No Brasil de hoje vivem cerca de 185 milhões de pessoas – a maior parte delas em grandes
conglomerados urbanos com enormes e carentes periferias. Um povo único, miscigenado e original, constituído em sua maioria por proletários, semiproletários e trabalhadores explorados de uma forma geral nas cidades, aos quais se somam os assalariados rurais, camponeses e trabalhadores rurais que desejam terra para nela trabalhar. A assim chamada classe média – constituída, sobretudo, por empresários de pequeno porte em atividades industriais, comerciais e agrícolas, bem como por assalariados não operários e melhor remunerados –, também adquiriu porte e influência política. A intelectualidade brasileira ganhou destaque pela sua produção acadêmica em diversos ramos da ciência, inclusive nas ciências sociais, por sua fecunda produção artística e cultural e também pela sua predominante postura política progressista. Estas classes e setores de classe formam a base social das transformações e a força de trabalho capacitada, elemento essencial para a retomada da construção do país. O estrato financeiro-rentista da grande burguesia brasileira, maior beneficiário da aplicação do projeto neoliberal, substituiu a burguesia industrial na hegemonia de classes, condição que havia adquirido ao cabo da revolução burguesa. Sobrepôs-se igualmente à burguesia agrária e dos serviços, que se desenvolveram mais recentemente, e se constitui em grave entrave ao desenvolvimento. Toda essa transformação econômica e social teve inequivocamente suas repercussões no terreno político. O proletariado passou a ter uma presença política destacada na vida nacional e se constitui objetivamente na força mais interessada na consecução de um projeto de desenvolvimento soberano, democrático e com valorização do trabalho e, além disso, é a classe que pode verdadeiramente se interessar na superação do capitalismo.

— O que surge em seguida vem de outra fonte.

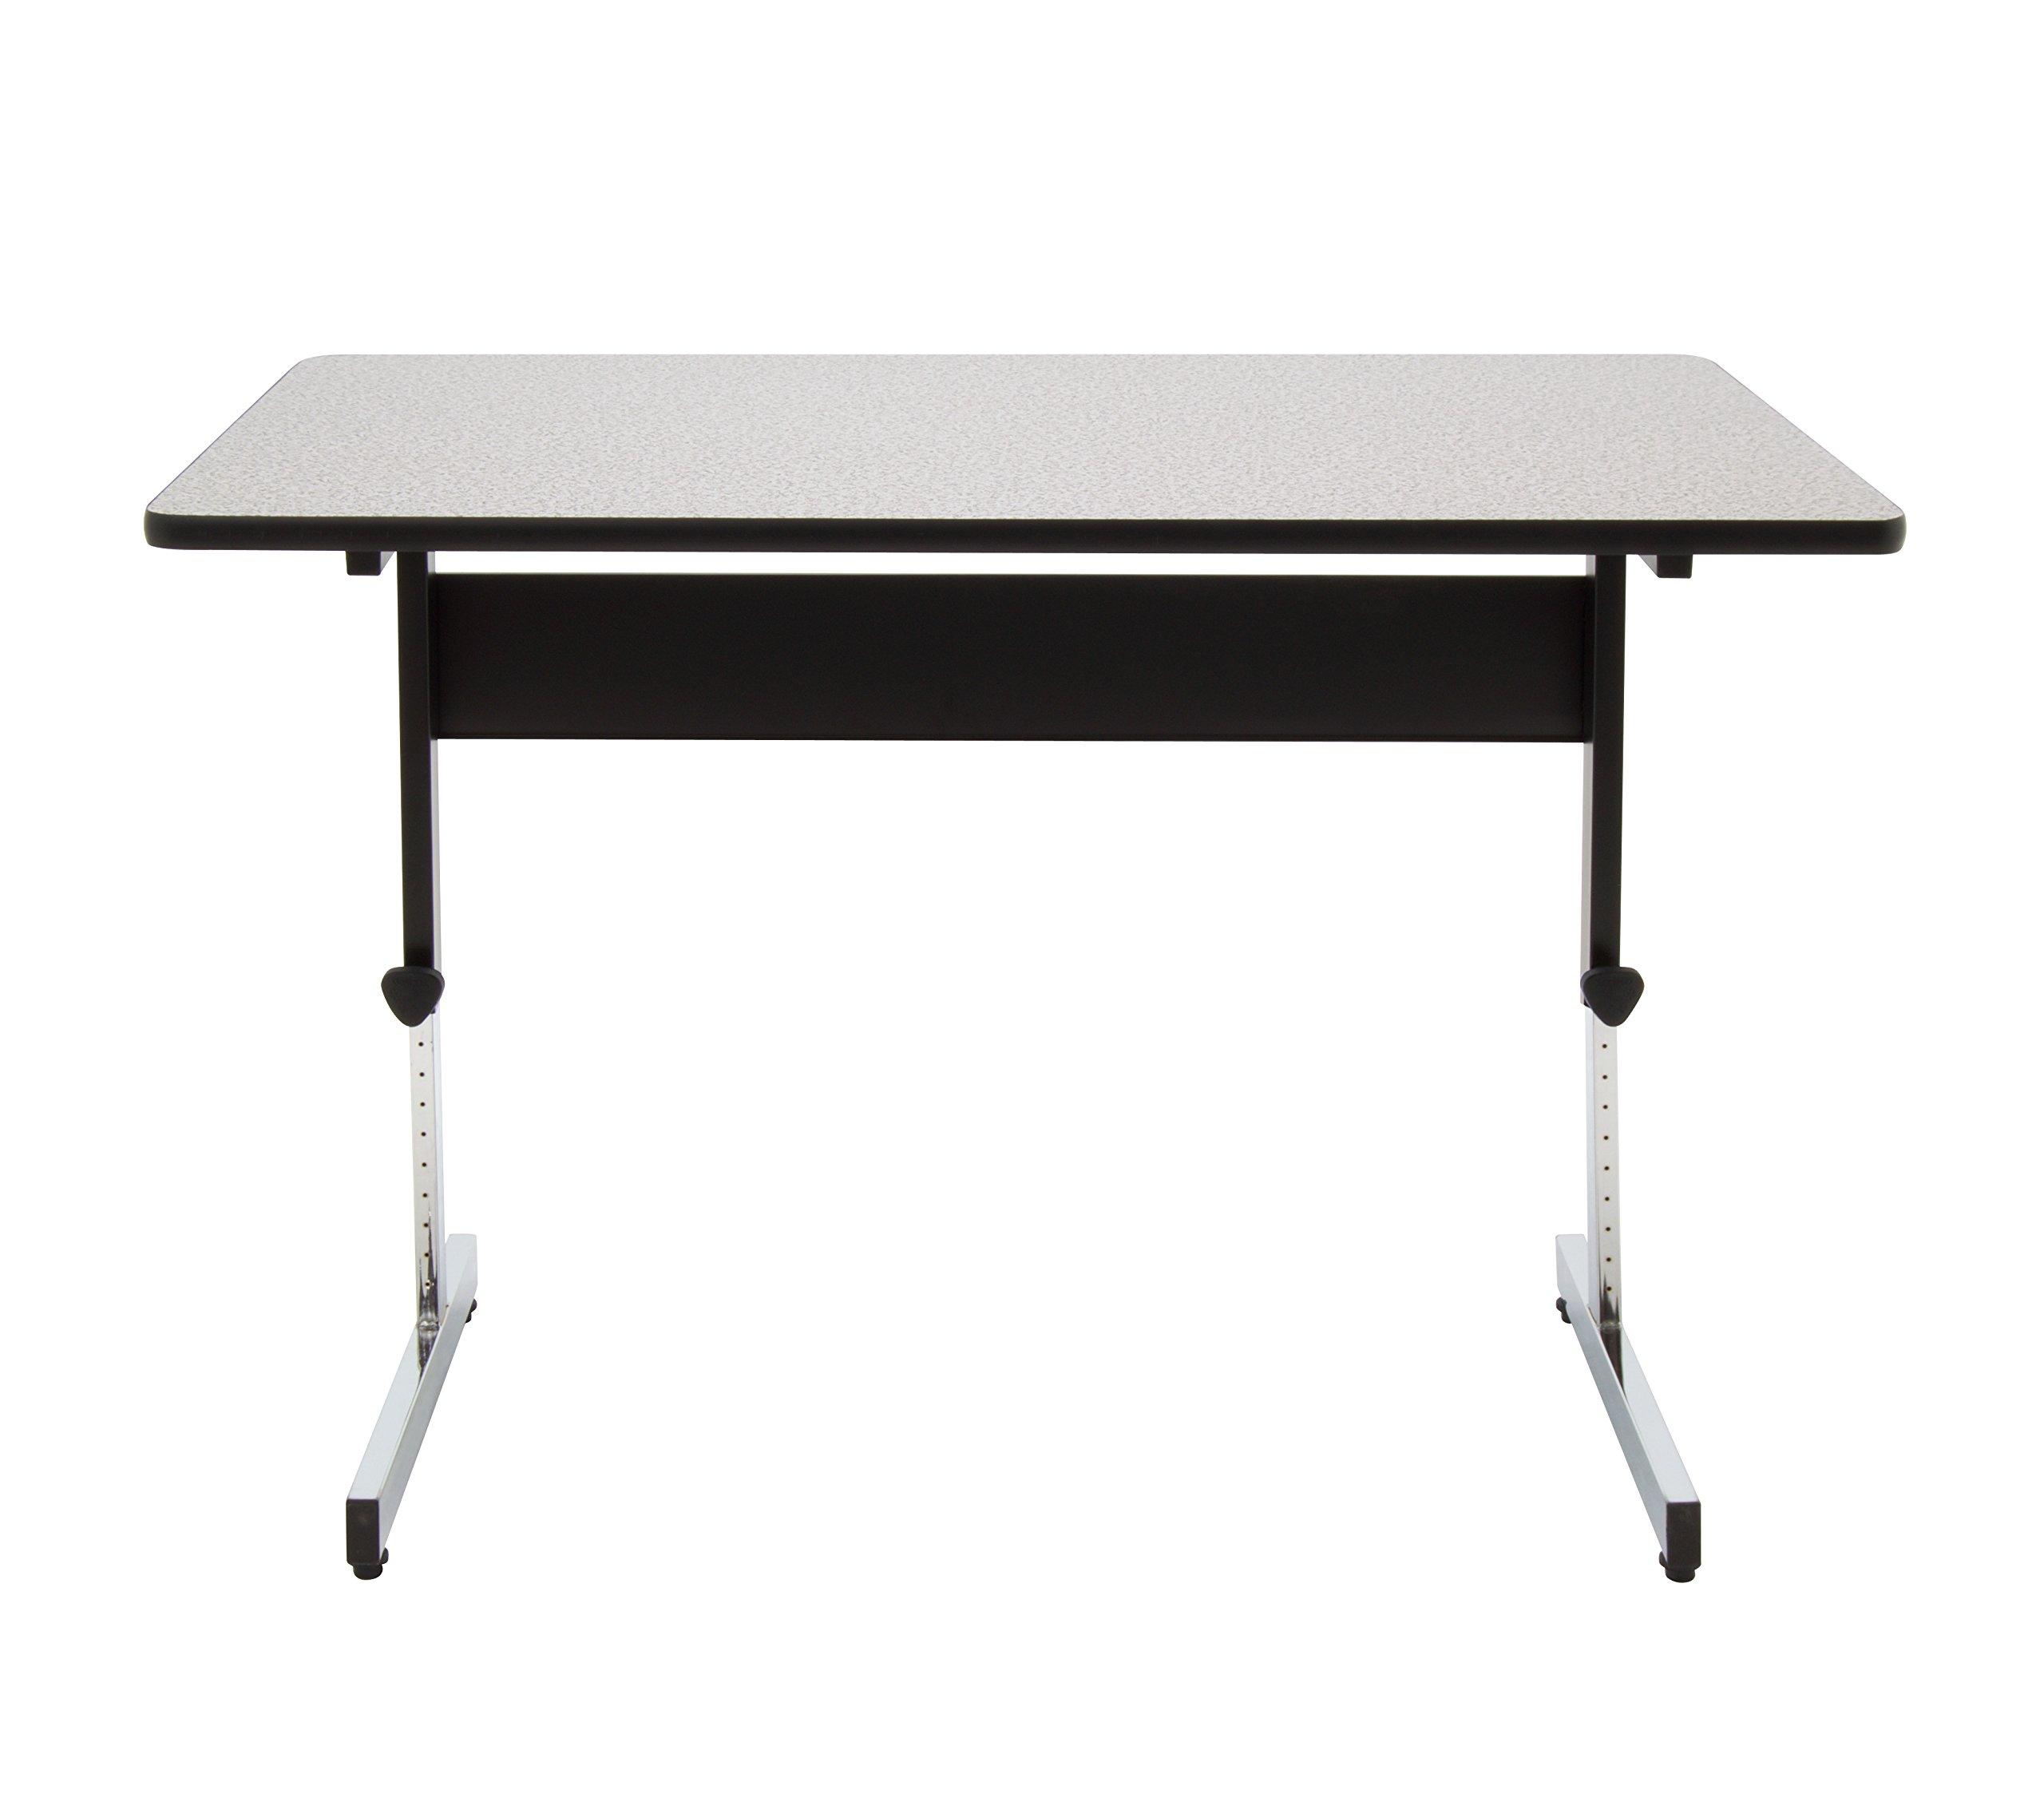 Calico Designs 410382.0 Adapta Desk, 48'', Black/Spatter Gray

Dessa forma, partindo dessa base, configuraram-se historicamente a necessidade e o desafio da construção de um novo projeto de nação que pudesse representar a superação tanto do esgotamento dos problemas do período nacional-desenvolvimentista (da década de 1930 à de 1980) quanto dos impasses originados do modelo neoliberal; que, dirigido por forças políticas e sociais mais avançadas, pudesse satisfazer os interesses nacionais, democráticos e sociais dos trabalhadores e do povo brasileiro. Um projeto que significasse um caminho próprio para a superação do neoliberalismo que, por seus objetivos, projetar-se-ia em dimensão estratégica, que na visão dos comunistas significasse a passagem para uma sociedade mais avançada: de transição do capitalismo ao socialismo.